## Exercise details
Print exactly the lines of the listing below from the one containing "Izehi Photography Dallas" through the final line, both included, and no pictures.

## Available data
· · ·

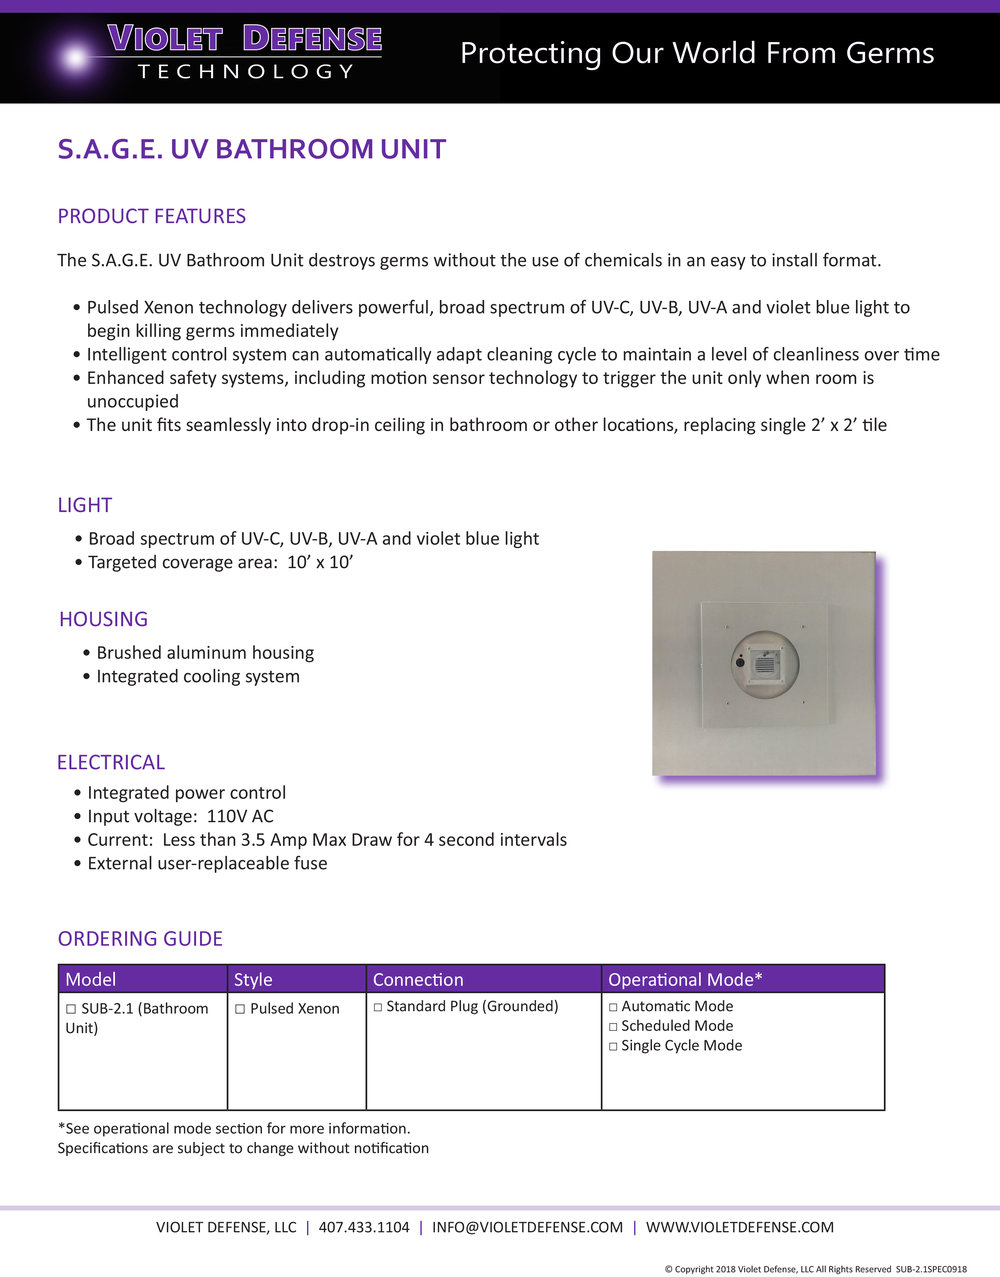 Violet Defense - SAGE UV Gen 2 Bath Unit Specs-1.jpg
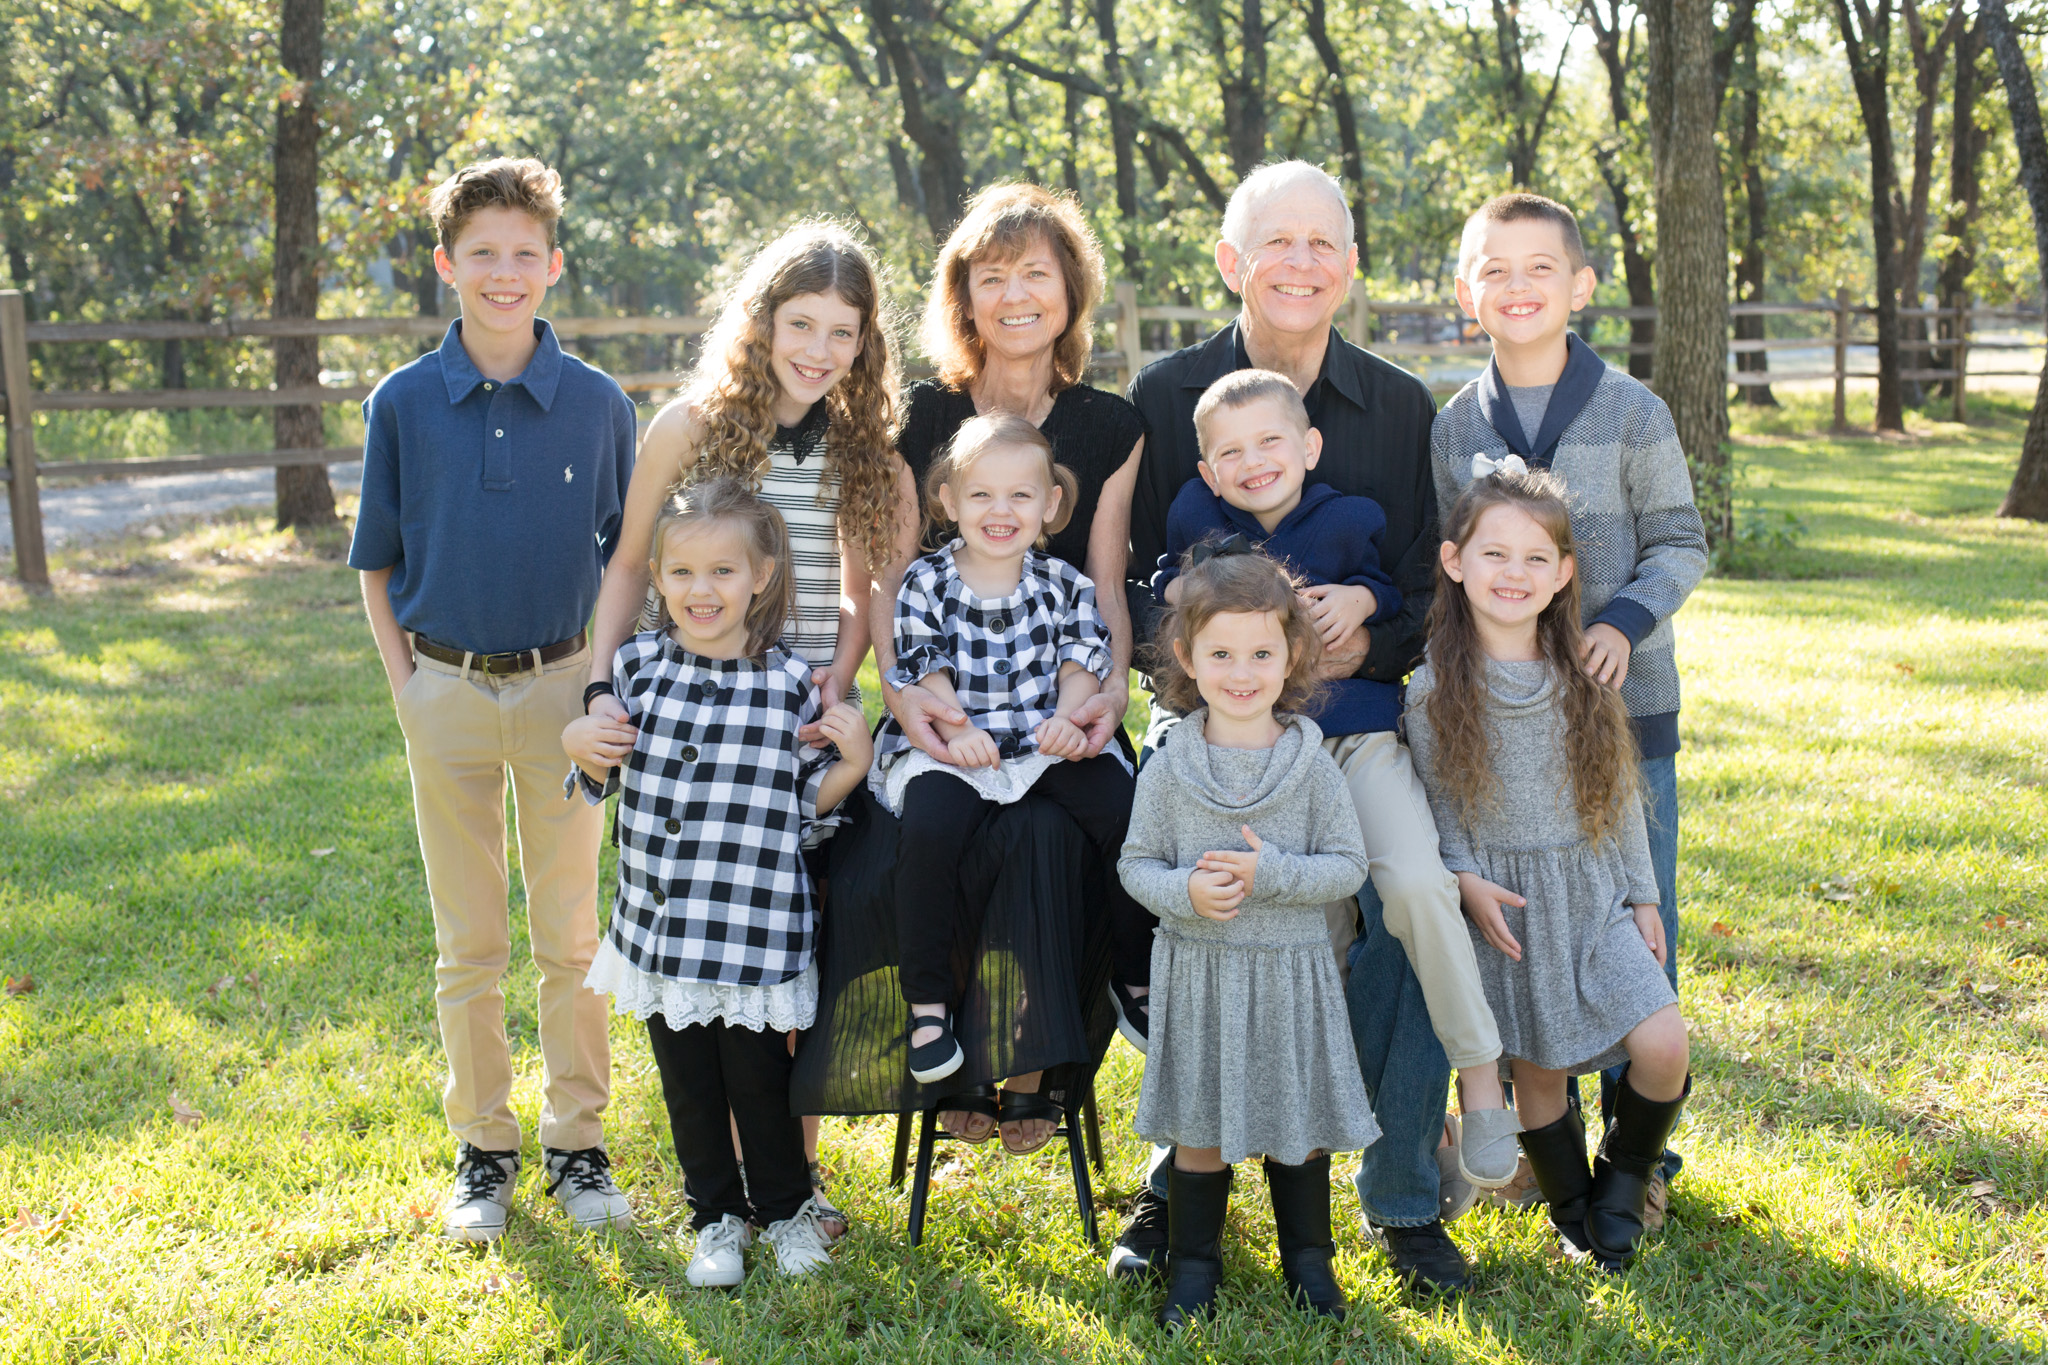 Izehi Photography Dallas Fort Worth Argyle Tx Extended Family Portrait Photographer-101.jpg
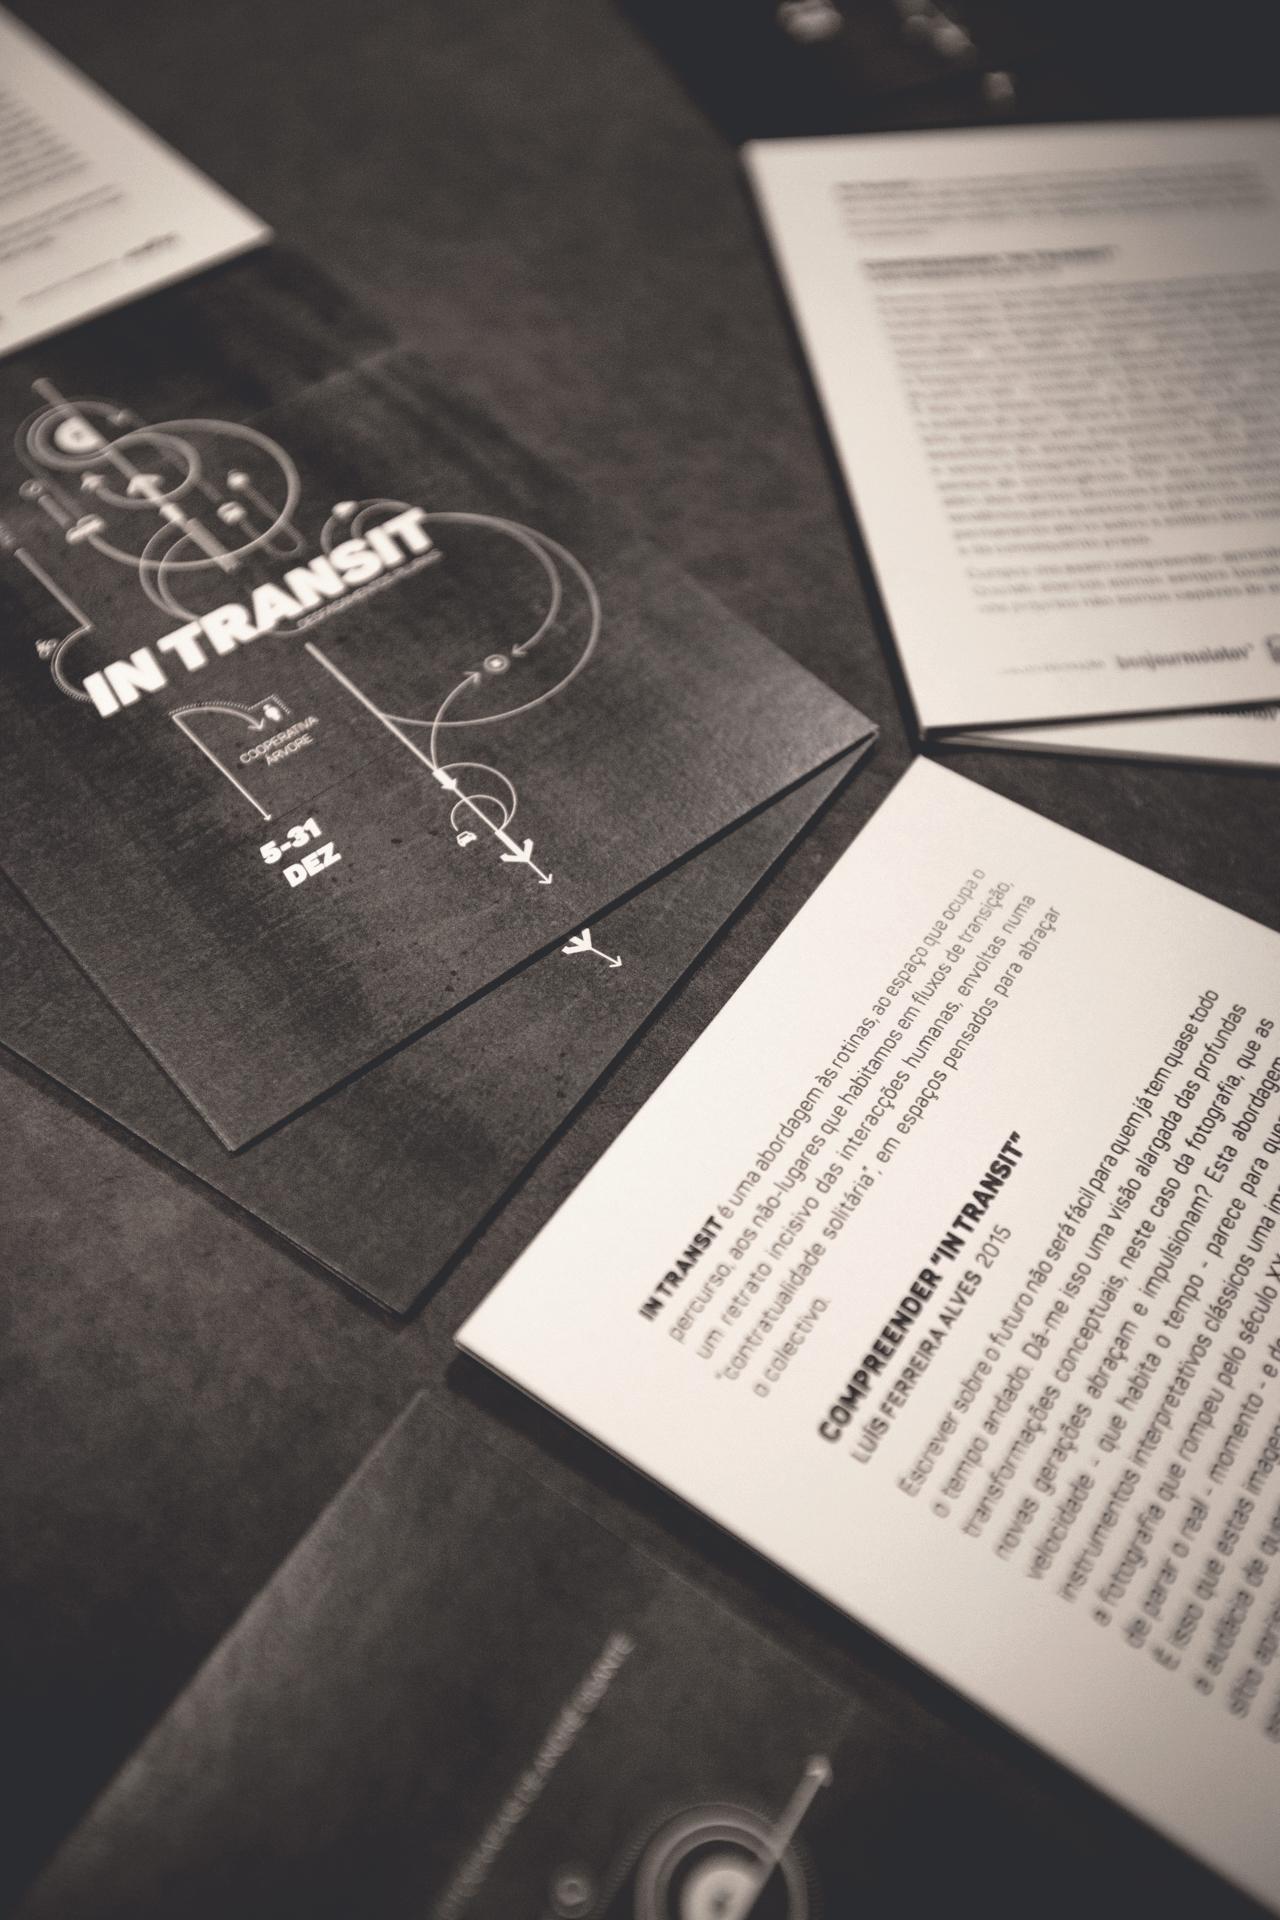 In+Transit+bonjourmolotov+André+Gigante+Experimenta+Design+2015+EXD15+Photography+Exhibition+Exposição+Fotografia+Cooperativa+Árvore+17 N3.jpg
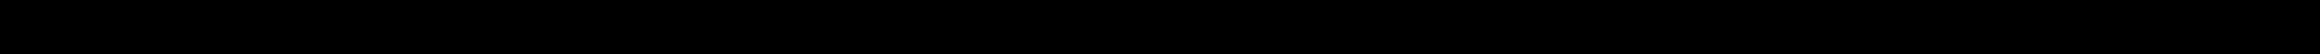 NEOLUX® P21/5W Zarovka, blikac

· · ·

## Result of the task
 Izehi Photography Dallas Fort Worth Argyle Tx Extended Family Portrait Photographer-101.jpg
 In+Transit+bonjourmolotov+André+Gigante+Experimenta+Design+2015+EXD15+Photography+Exhibition+Exposição+Fotografia+Cooperativa+Árvore+17 N3.jpg
 NEOLUX® P21/5W Zarovka, blikac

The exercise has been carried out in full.